Today was spent at a local secondary school observing lessons and procedures.
To go back to a school which you left 16 years ago is odd enough, however this was a new building built on the same grounds – so even odder. In the process I managed to meet some of my old teachers as well who recognised me. Bizarre after such a long period of time – maybe I was that amazing that I stood out ?
The purpose of this visit was to see how different secondary education is compared to the FE environment I currently work in. The first thing was the start times – 08:30 to start and 14:45 finish, and only half an hour at lunch. Doesn’t make a massive difference – but allowing students to leave a bit earlier is a safety aspect – being a bit lighter in particular during winter periods.
The behaviour aspect of pupils is also completely different, and something I don’t remember from my days at school. Pupils were removed from classes for being disrespectful, loud, rude and generally ill behaved. I spent an hour with the head of one of the houses going around removing the poorly behaved pupils. After a teacher had sent them out of the classroom or told them off several times with no effect – they would radio in for the head of the house to remove them or take details or send them somewhere else. This process worked well and I could clearly see the advantages. The head of the house is provided with more authority and ability to deal with such matters whilst the teacher can be left to teach. It’s a simple but effective concept to implement.
The rest of the day was spent with the Business Studies department.These were AS and BTEC A-level students working in relatively small groups. Their behaviour as sixth form students was as expected – polite, quiet working. The difference being that they were from various schools within the academy, brought in on buses to meet and be taught in one place. This I could see was the academy structure in place and reaping the benefits of strong relations with other schools in the area.
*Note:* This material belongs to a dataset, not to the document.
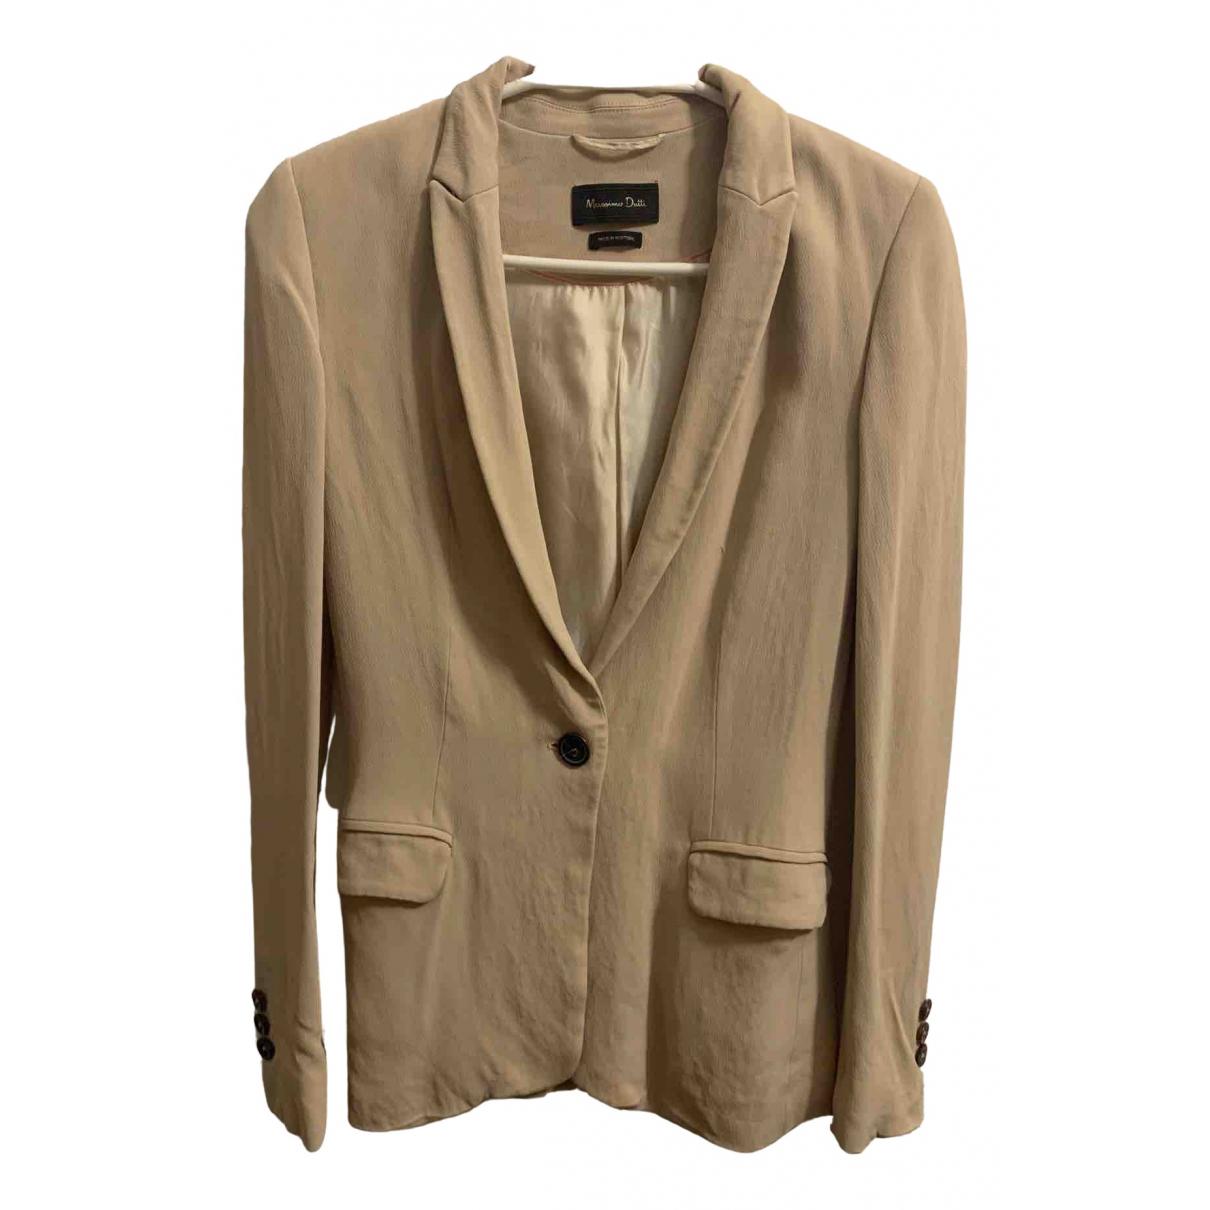 Massimo Dutti \N Ecru jacket for Women XS International

The classroom management of the sixth form students was interesting to see. There was the use of an appetizer but only because this was a triple session of one subject. Within the normal one hour time constraints I fear that this would be very minimal – and probably in most cases not exist at all.
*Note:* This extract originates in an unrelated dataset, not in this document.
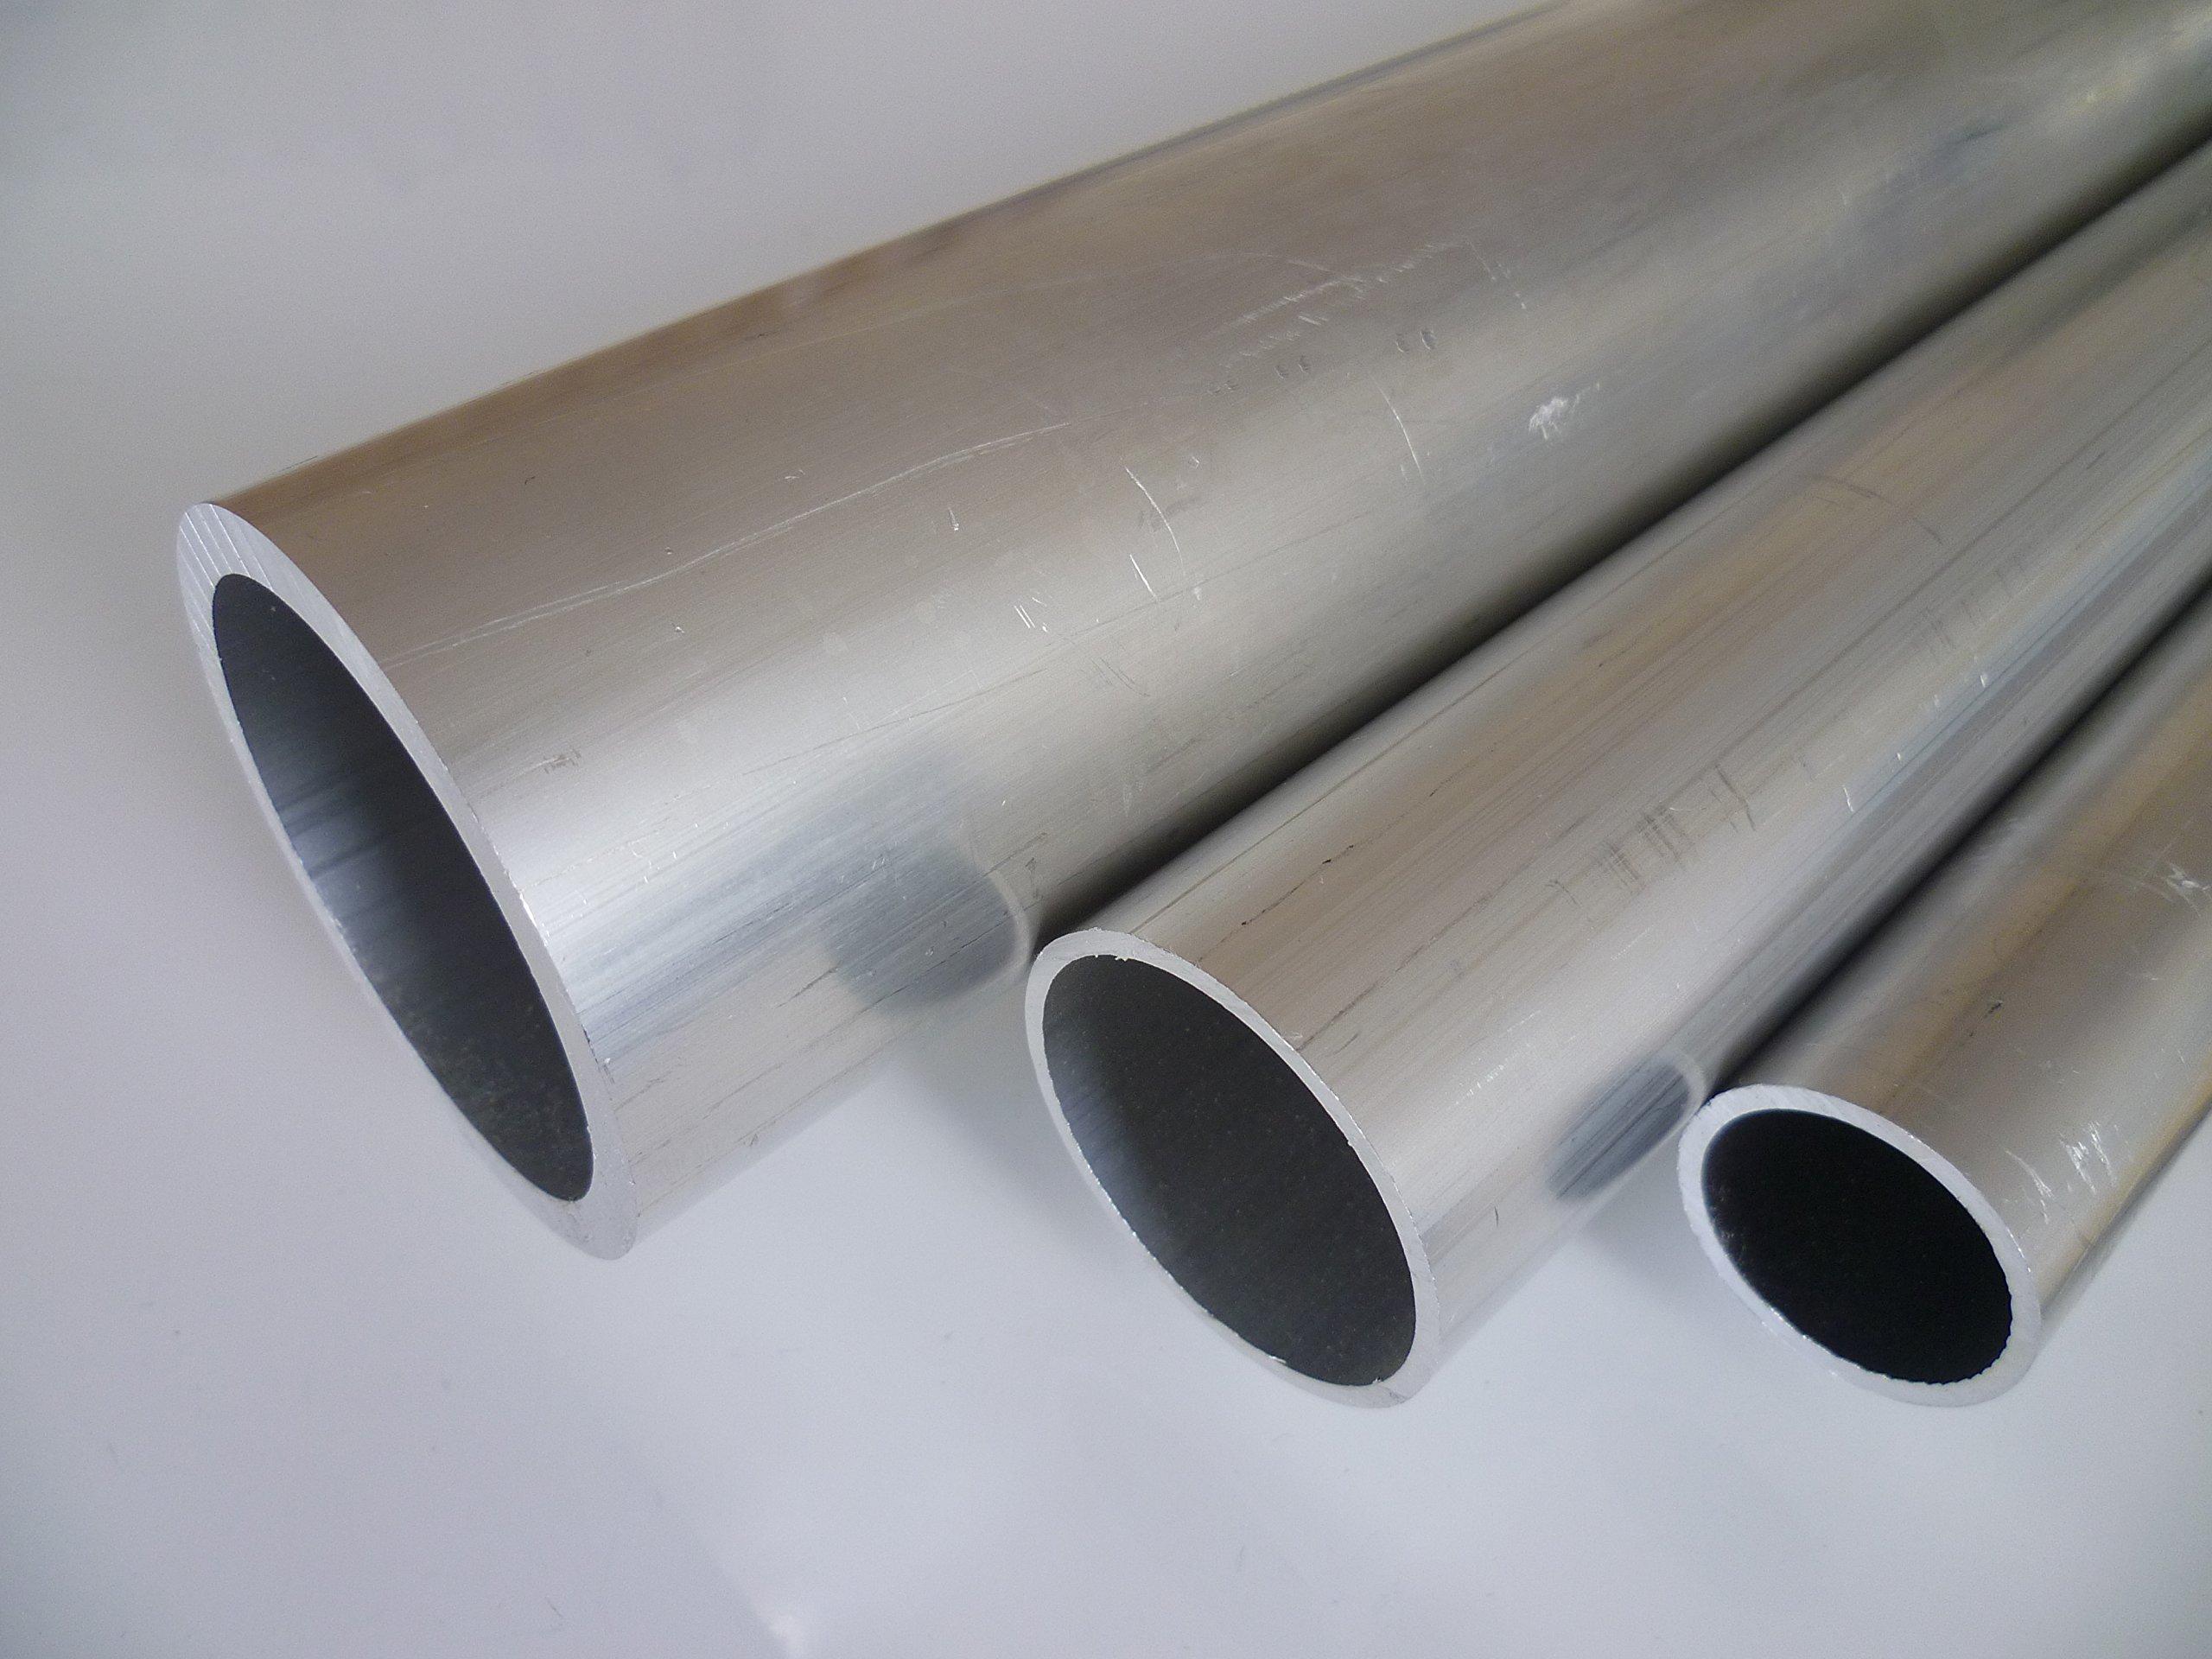 B/&T Metall Aluminium Vierkantrohr pulverbeschichtet 100 x 100 x 2 mm ANTHRAZIT RAL 7016 L/änge ca 1,9 mtr. 1900 mm +0//- 3 mm

The one to one teaching was of good standard, and she clearly knew what she was talking about. Although basic ICT skills were missing from the teacher, and she struggled to use the facilities within the room. Maybe something to add to her own ILP ? She didn’t seem that interested in me being there either – not sure why though. She was well aware of me arriving that day. She either didn’t care or perceived me as a threat of some sort.
I’m in the process of arranging for further time to spent within the school observing different lessons, and seeing how different teachers manage, control and plan their classroom activities. The day provided an insight into the life of teaching at comprehensive level – and is something I’ll continue to look further in to.
…of course there is the element of being called Sir or Mr Hinchliffe everyday by the other teachers. Felt odd, a bit unnerving at times – like they were trying to sell me insurance or something similar.